Se lo ha juzgado, por sus 12 años en Roma, como se hubiera juzgado a otros pontífices. A eso convendría agregar la observación de cómo evolucionó el hombre que ya era. Solo así se podrá comprender con perspectiva más luminosa la forma en que logró, puntada tras puntada, transformar la hostilidad inicial en la Argentina con la que se batió contra su designación la izquierda política, incluidos los capitostes kirchneristas, y reorientarla a términos favorables que parecían inalcanzables.
El arzobispo ninguneado por los Kirchner; el arzobispo a quien la Casa Rosada había desairado reiteradamente en la condición de presidente del Episcopado argentino (2005-2011); el superior provincial de los jesuitas denunciado por haberse supuestamente desentendido de sacerdotes perseguidos por la dictadura militar logró al fin desarmar imputaciones e inquinas que seguramente lo atormentaban.
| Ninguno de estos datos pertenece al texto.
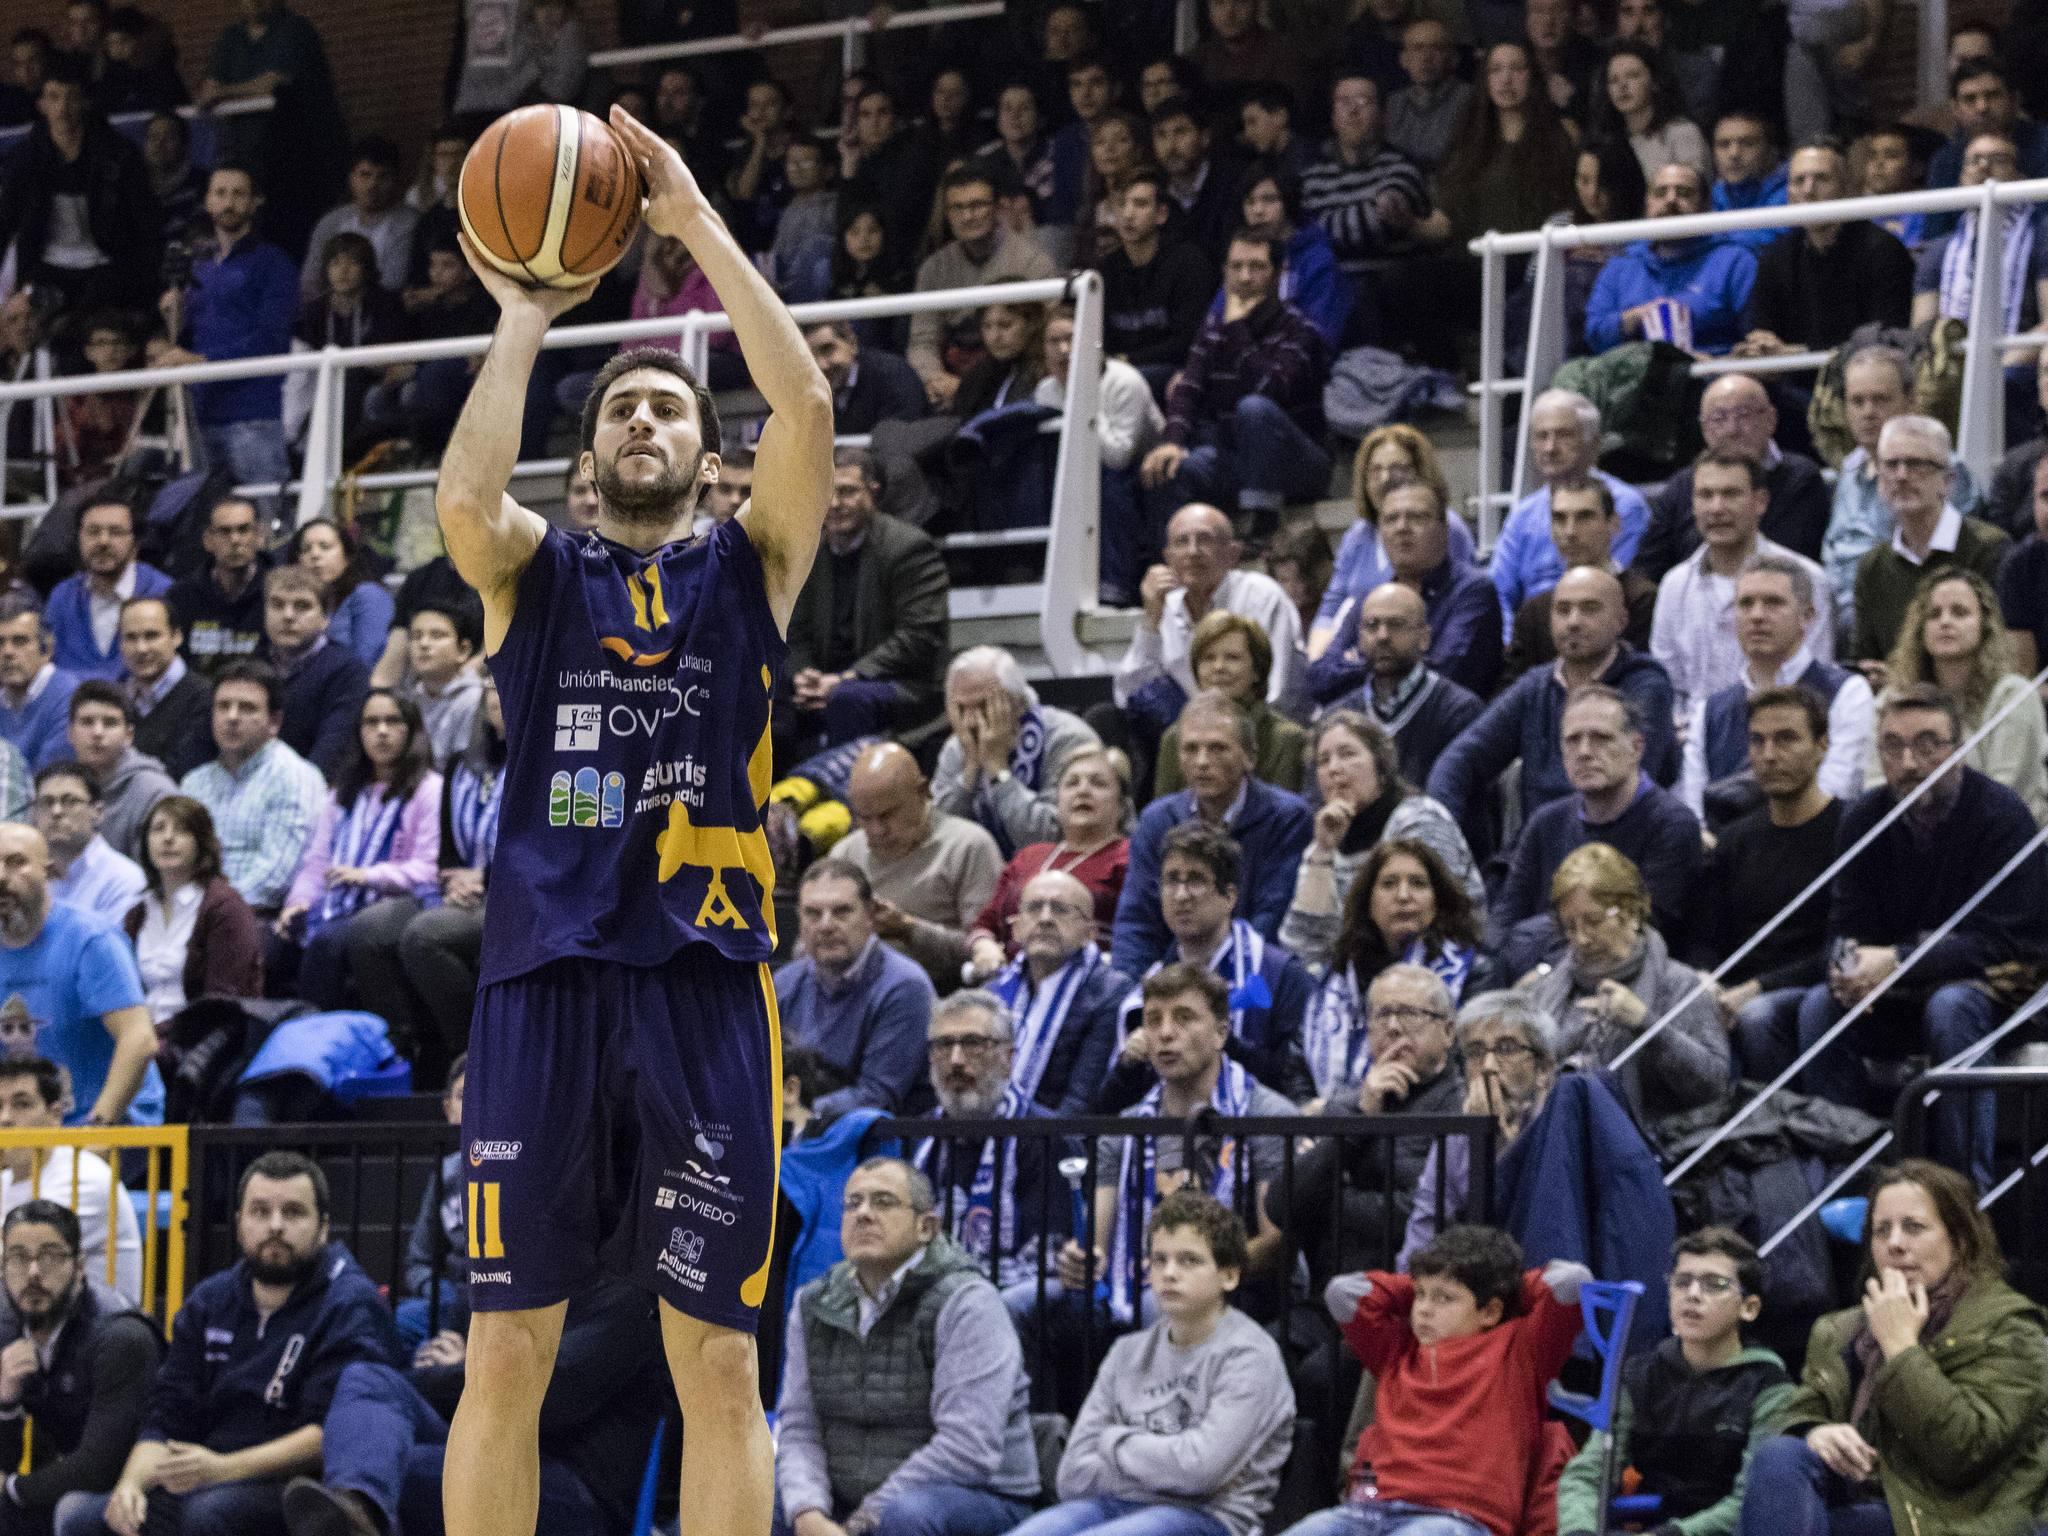 Manu Rodríguez lanzando un triple (Foto: Christian García)
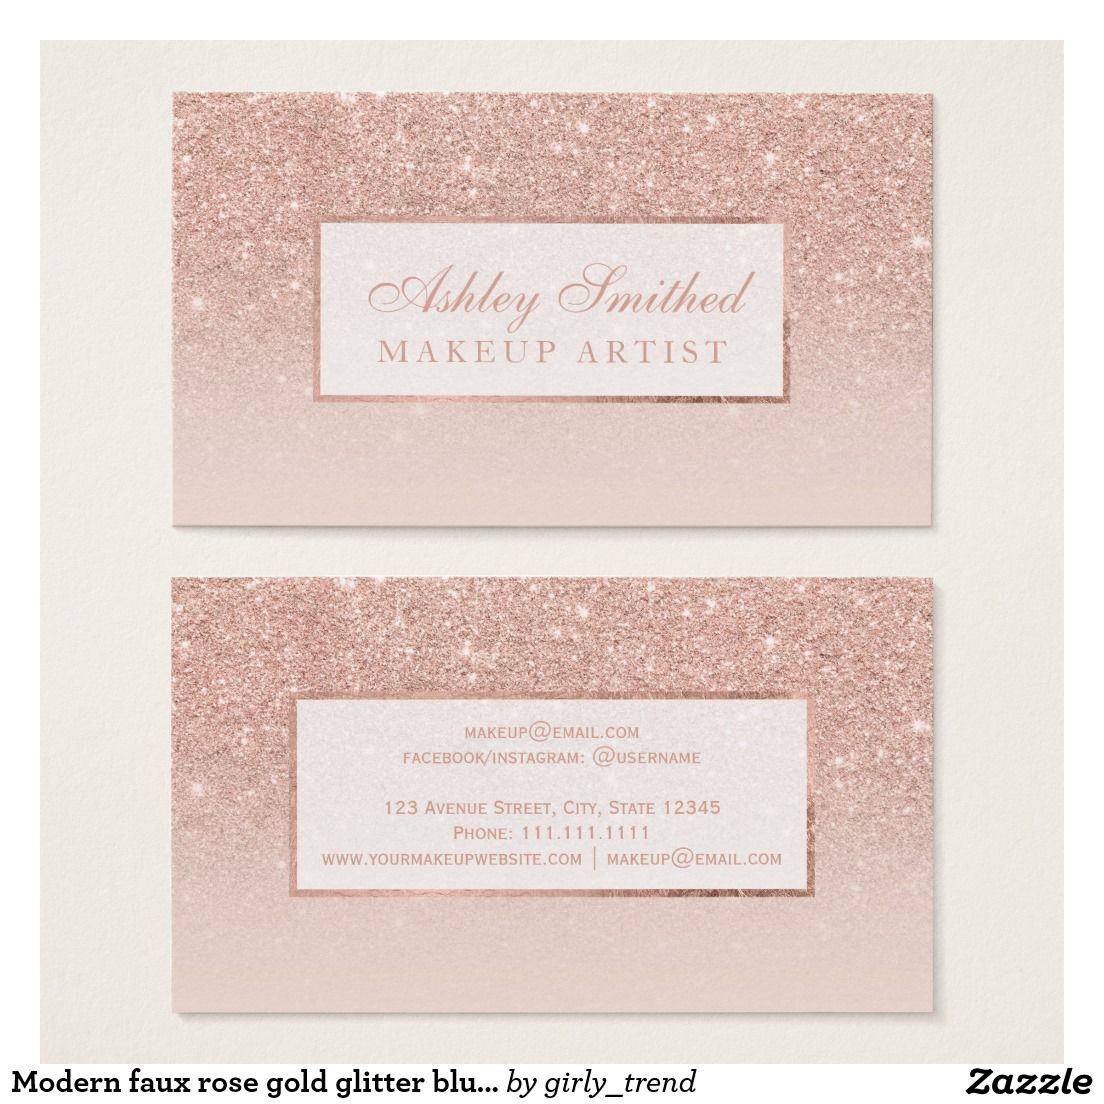 Modern faux rose gold glitter blush ombre makeup business card modern faux rose gold glitter blush ombre makeup business card magicingreecefo Gallery

Los denunciantes de ayer pasaron pasmosamente a desfilar por el Vaticano y, como si se tratara de marcar el giro extraordinario con el grosor de un trazo inconfundible, quienes pasaron fueron algunos de los personajes más cuestionables de la política argentina.
Las fotos contrastantes de Francisco y Cristina Kirchner, y de Francisco con Mauricio Macri, servirán con el tiempo de reliquias ilustrativas del enfriamiento que en distintos momentos afectó su trato con franjas refractarias al peronismo de la sociedad argentina. Otros aportarán, entre las razones conflictivas, su descalificación de la noción del mérito para el ascenso social o la simpatía desconcertante que expresó por usurpadores de la propiedad privada de una reconocida familia entrerriana. Su último llamado, ya en agonía, contra el liberalismo y las desregulaciones estatales confirmó la naturaleza del proselitismo pastoral asumido.
Francisco llenó con su carisma la Plaza de San Pedro en las concentraciones de los miércoles y en la celebración del Ángelus dominical. No pudo, en cambio, revertir la tendencia descendente de fieles activos del catolicismo en medio del creciente secularismo que afecta por igual a los credos tradicionales.
Un alto número de los cardenales electores que determinarán la sucesión del primer pontífice americano estará formado por príncipes de la Iglesia designados como tales en estos 12 años. Hoy, es ese un dato crucial por tener en cuenta, sin olvido de que la desaparición de un jefe de fuerte personalidad condicionará el escenario preexistente. A ese condicionamiento habrá de sumarse la forma en que el próximo cónclave evalúe los replanteamientos tan acelerados como sorprendentes que están produciéndose en la política internacional, a los que la Iglesia nunca ha sido ajena.